1. A metallic material consisting essentially of a conductive metal matrix and a refractory dopant component selected from the group consisting of tantalum, chromium, rhodium, ruthenium, iridium, osmium, platinum, rhenium, niobium, hafnium and mixtures thereof.
2. The metallic material according to claim 1, wherein the refractory dopant component is present in an amount of 0.1 to 6 percent by weight, based on the metallic material.
3. The metallic material according to claim 1, wherein the refractory dopant component is present in an amount of 1 to 3 percent by weight, based on the metallic material.
4. The metallic material according to claim 1, wherein the conductive metal matrix comprises copper.
5. The metallic material according to claim 4, wherein the refractory dopant component comprises a metal selected from the group consisting of tantalum, chromium and combinations thereof.
6. The metallic material according to claim 5, wherein the refractory dopant component is present in an amount of 0.1 to 6 percent by weight, based on the metallic material.

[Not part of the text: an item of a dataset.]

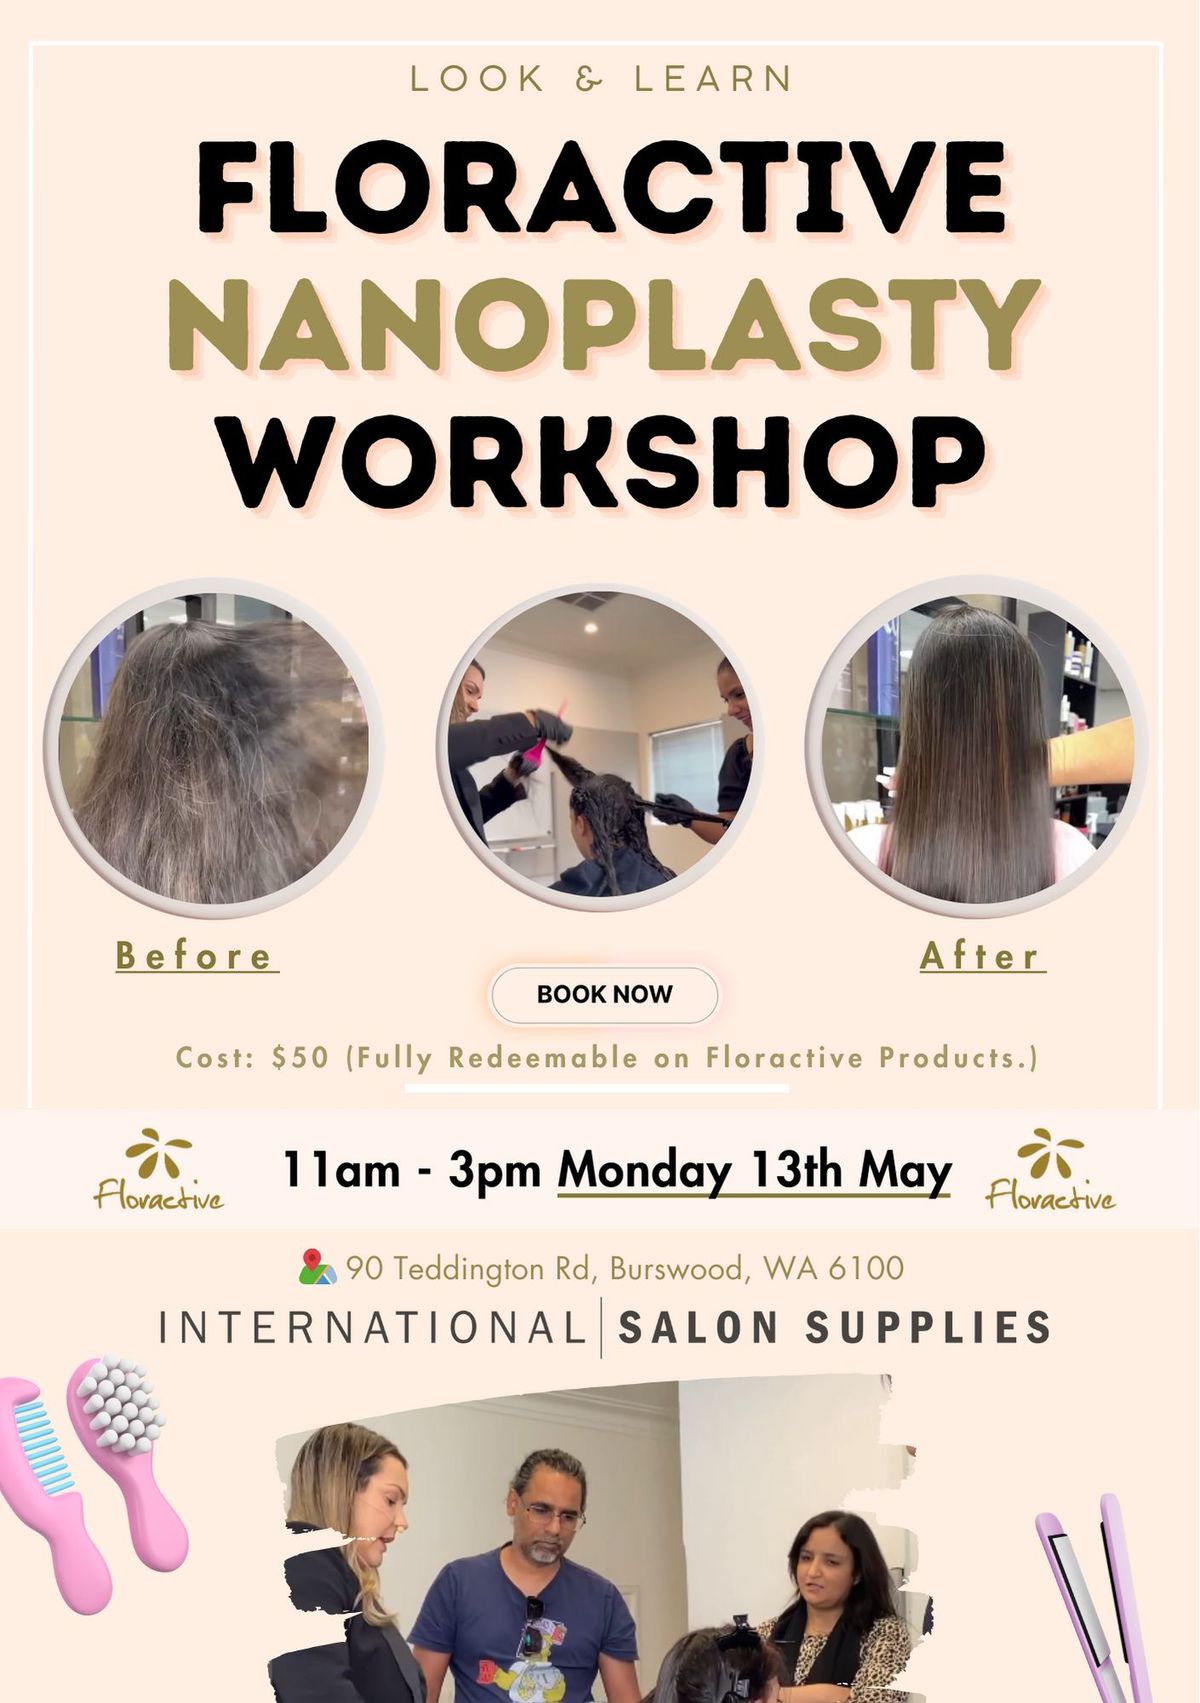 Floractive Nanoplasty Workshop Look & Learn \u2013 Monday 13th May 11am-3pm

7. The metallic material according to claim 5, wherein the refractory dopant component is present in an amount of 1 to 3 percent by weight, based on the metallic material.
8. The metallic material according to claim 4, wherein the refractory dopant comprises chromium and tantalum.
9. The metallic material according to claim 8, wherein the chromium and the tantalum are present in a combined amount of 0.1 to 6 percent by weight.
10. The metallic material according to claim 8, wherein the chromium and the tantalum are present in a combined amount of 1 to 3 percent by weight.
11. The metallic material according to claim 8, wherein the chromium is present in an amount of about 1 percent by weight, and the tantalum is present in an amount of about 2 percent by weight.
12. A metallic material consisting essentially of copper and a dopant component selected from the group consisting of titanium and nickel.
13. A sputtering target prepared by a process comprising:
(a) providing a homogenous powder mixture consisting essentially of a metallic copper powder and a refractory metal powder selected from the group of powders consisting of tantalum, chromium, rhodium, ruthenium, iridium, osmium, platinum, rhenium, niobium, hafnium and mixtures thereof;
(b) subjecting the homogenous powder mixture to a thermo-mechanical method to form a sputtering target plate.
14. The sputtering target according to claim 13, wherein the thermo-mechanical method comprises pressing and sintering.
15. The sputtering target according to claim 13, wherein the thermo-mechanical method comprises hot isostatic pressing.
16. The sputtering target according to claim 15, wherein the hot isostatic pressing comprises densification under about 69 MPa at about 750° C. for about 4 hours.
17. The sputtering target according to claim 15, wherein the thermo-mechanical method further comprises compacting and sintering prior to hot isostatic pressing.
18. The sputtering target according to claim 13, wherein the refractory metal powder is present in an amount of 0.1 to 6 percent by weight, based on the powder mixture.
19. The sputtering target according to claim 18, wherein the refractory metal powder comprises a metal selected from the group consisting of tantalum, chromium and mixtures thereof.
20. The sputtering target according to claim 15, wherein the refractory metal powder is present in an amount of 0.1 to 6 percent by weight, based on the powder mixture.
21. A sputtering target comprising a densified, homogenous powder mixture consisting essentially of a metallic copper powder and a refractory metal powder selected from the group of metal powders consisting of tantalum, chromium, rhodium, ruthenium, iridium, osmium, platinum, rhenium, niobium, hafnium and mixtures thereof.
22. The sputtering target according to claim 21, wherein the refractory metal powder comprises a metal selected from the group consisting of tantalum, chromium and mixtures thereof.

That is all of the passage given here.